A number of industries have long used simulation and optimization techniques to streamline their production processes. Some of these ideas are decades old. Consider Henry Ford’s assembly line of a century ago.
But the software industry is just now laying the foundation to catch up, Akshay Rao, senior solutions architect at CA Technologies, said in a recent webcast.
One of the keys to understanding the efficiency of any process lies in comparing idle time to touch time. In software development, idle time refers to the amount of time programmers wait for test systems to become available before they can move to the next task. Touch time is the time actually spent doing software development.

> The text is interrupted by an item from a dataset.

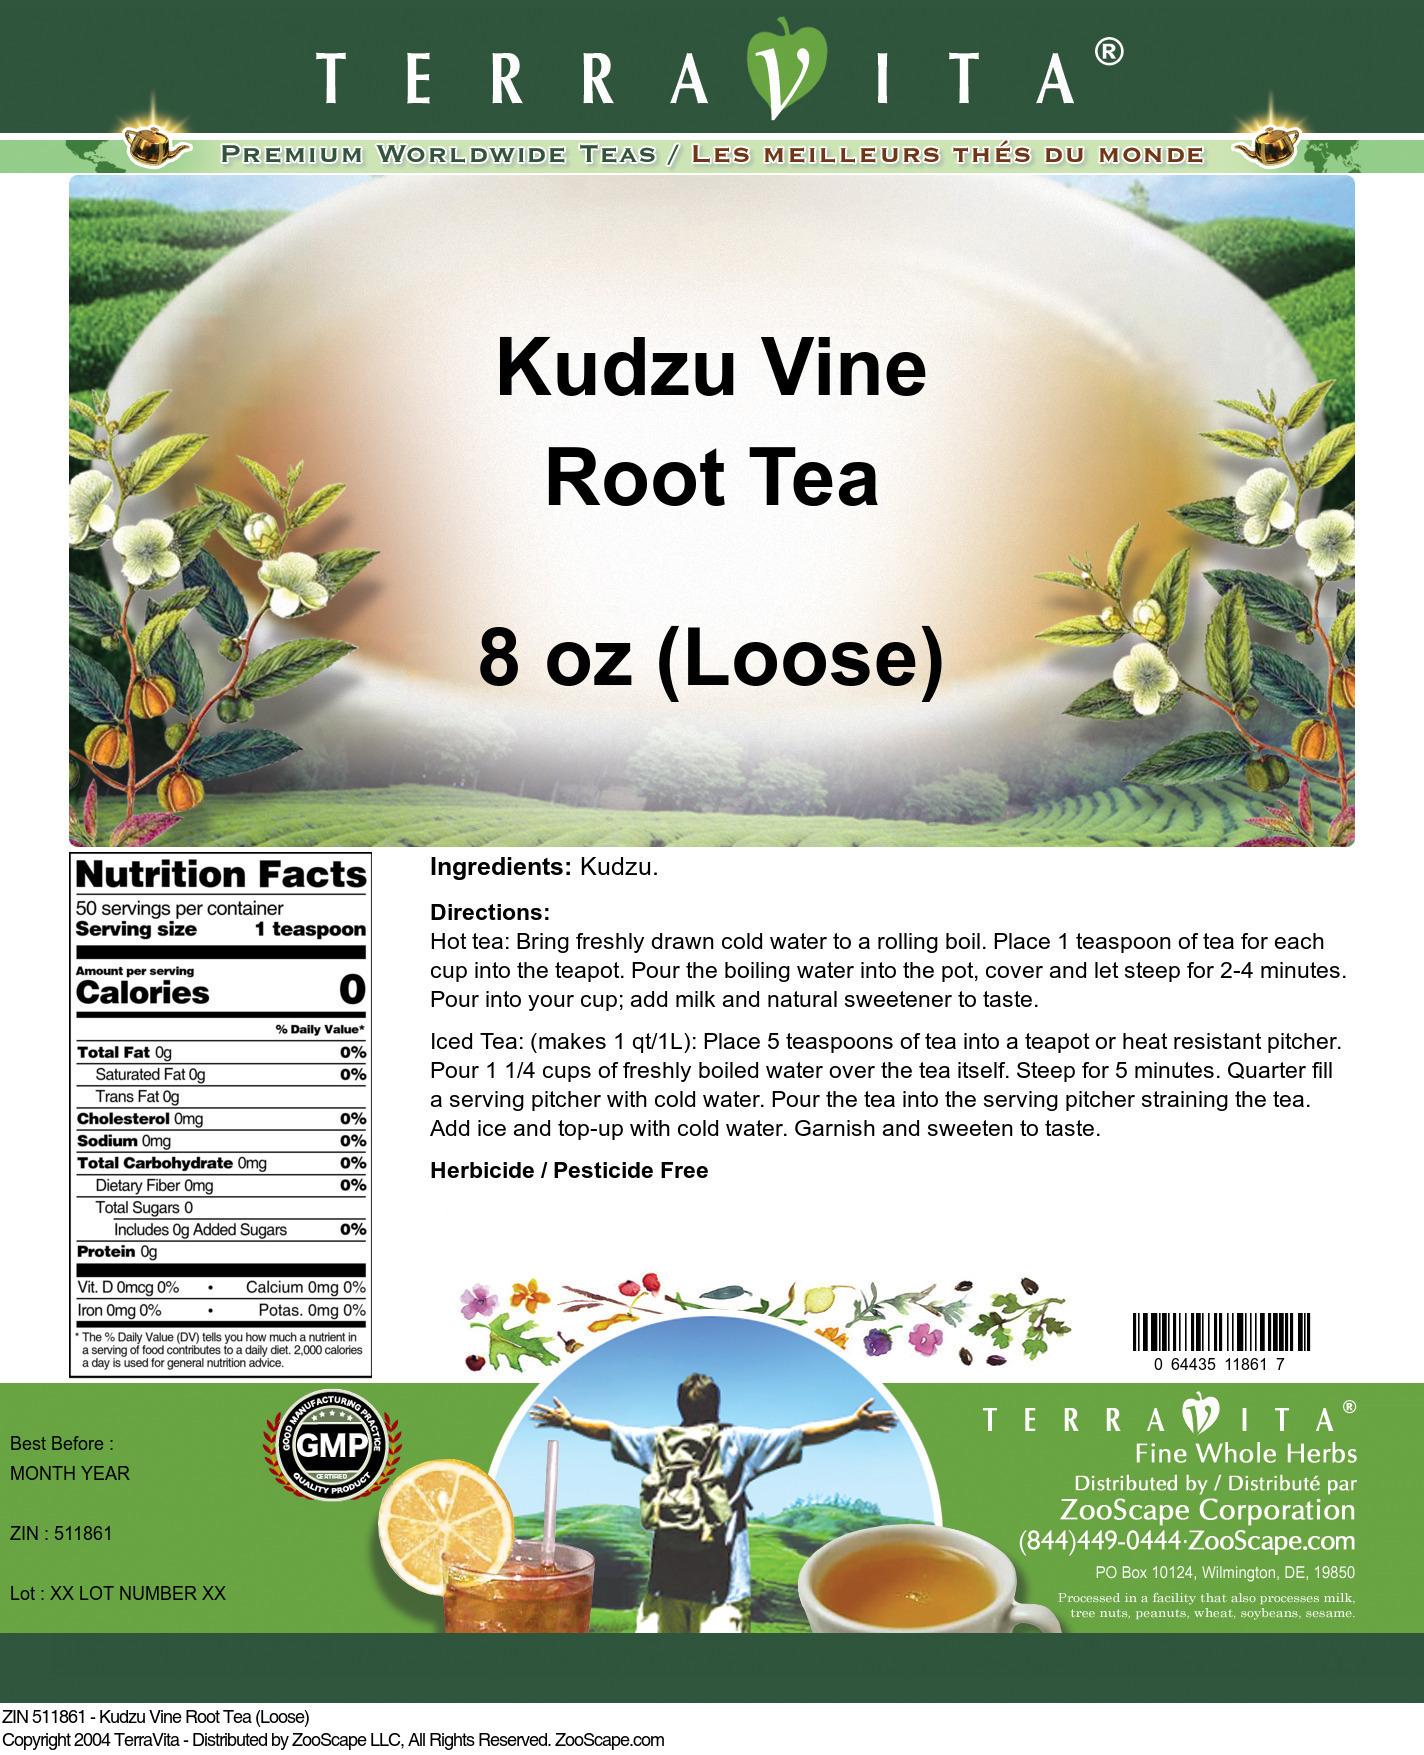 Kudzu Vine Root Tea (Loose)
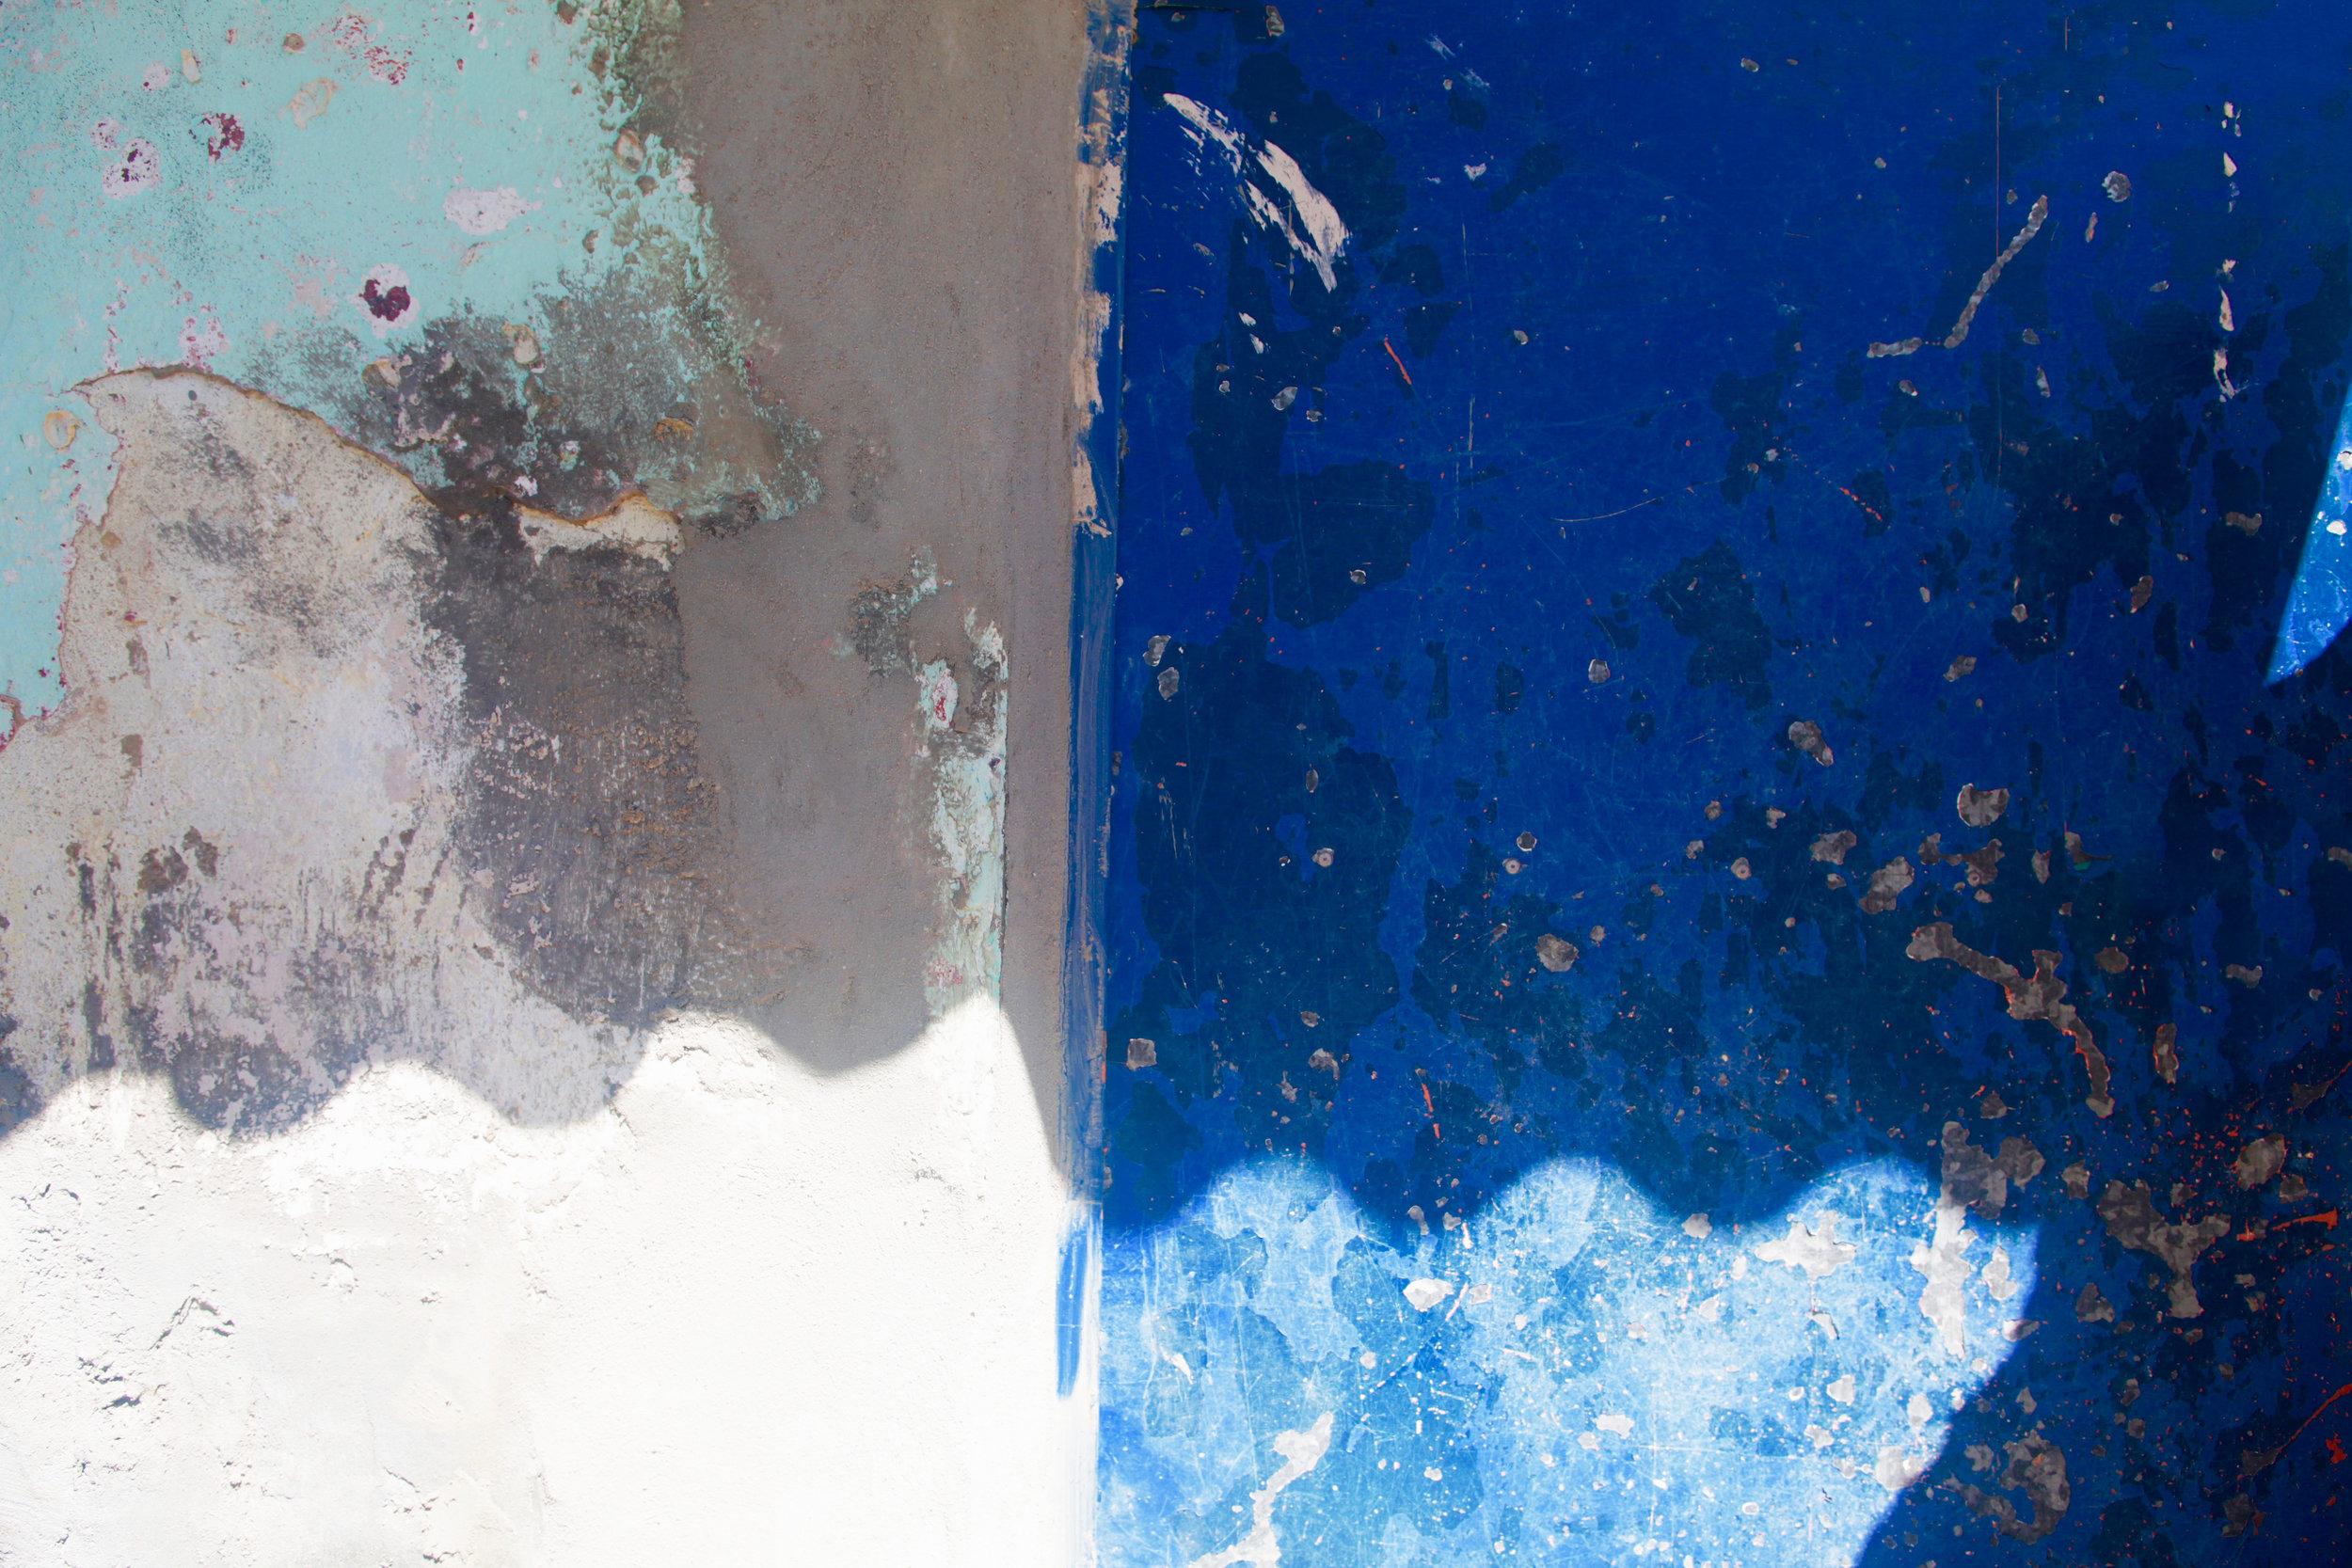 azul predominantemente  san fernando / andalucía

The obstacles that keep us waiting – whether it’s limited mainframe time, other teams’ schedules or the excessive costs of repeatedly querying databases – are referred to as “constraints.”
Because of constraints, the ratio of idle time to touch time is out of whack in software development, especially as compared with other industries.
“When you compare that to the manufacturing world and other engineering disciplines, it is low and ripe for innovation,” Rao says.
Rao points to four key DevOps concepts that promise to help bridge this gap, starting with the use of simulation – Service Virtualization – to eliminate constraints.
1. Constraint free development – Reducing testing bottlenecks around access to legacy systems, paid services and fresh testing data. Rao says application developers need access to environments and test cases that even the real systems can’t provide. For example, you can’t tell a production system to generate an error or respond slowly. Developers need to simulate these characteristics to do better testing. Service Virtualization techniques can help to model and simulate the required systems and data sets.
2. Continuous Application Delivery – Bringing agile to the deployment process. Release automation is the notion that we can use advanced orchestration to reduce the touch time required to move software into production. This can reduce the amount of time needed to push out new releases. It also can help to improve the testing environment since developers can test against specific configurations. Rao says many organizations are able to use this approach to reliably push out up to 2,400 updates per week.
3. Complete Monitoring – Gathering rich, actionable information that can improve production systems. One of the challenges of modern enterprises is that performance data is spread throughout IT systems across various servers, routers and cloud services. In order to create accurate simulations, it is important to gather comprehensive data across these various systems.
4. Collaborative data mining – Mining all of the performance characteristics of application data to enhance the simulations used for testing. The raw performance data does not provide insight into how the underlying applications behave. Collaborative data mining is the idea of using artificial intelligence techniques to transform this raw data into models of how the applications behave. This can help to provide highly realistic simulations based on what the environment is doing versus what you expect it will do.
Early adopters of these principals are seeing tremendous improvements in their deployment speed and quality, using Service Virtualization and continuous application delivery, says Rao.
For example one large telecommunications company was able to reduce software release cycle time by 33 percent while finding four times as many defects in development. ROI for the project was realized in just four weeks, he said.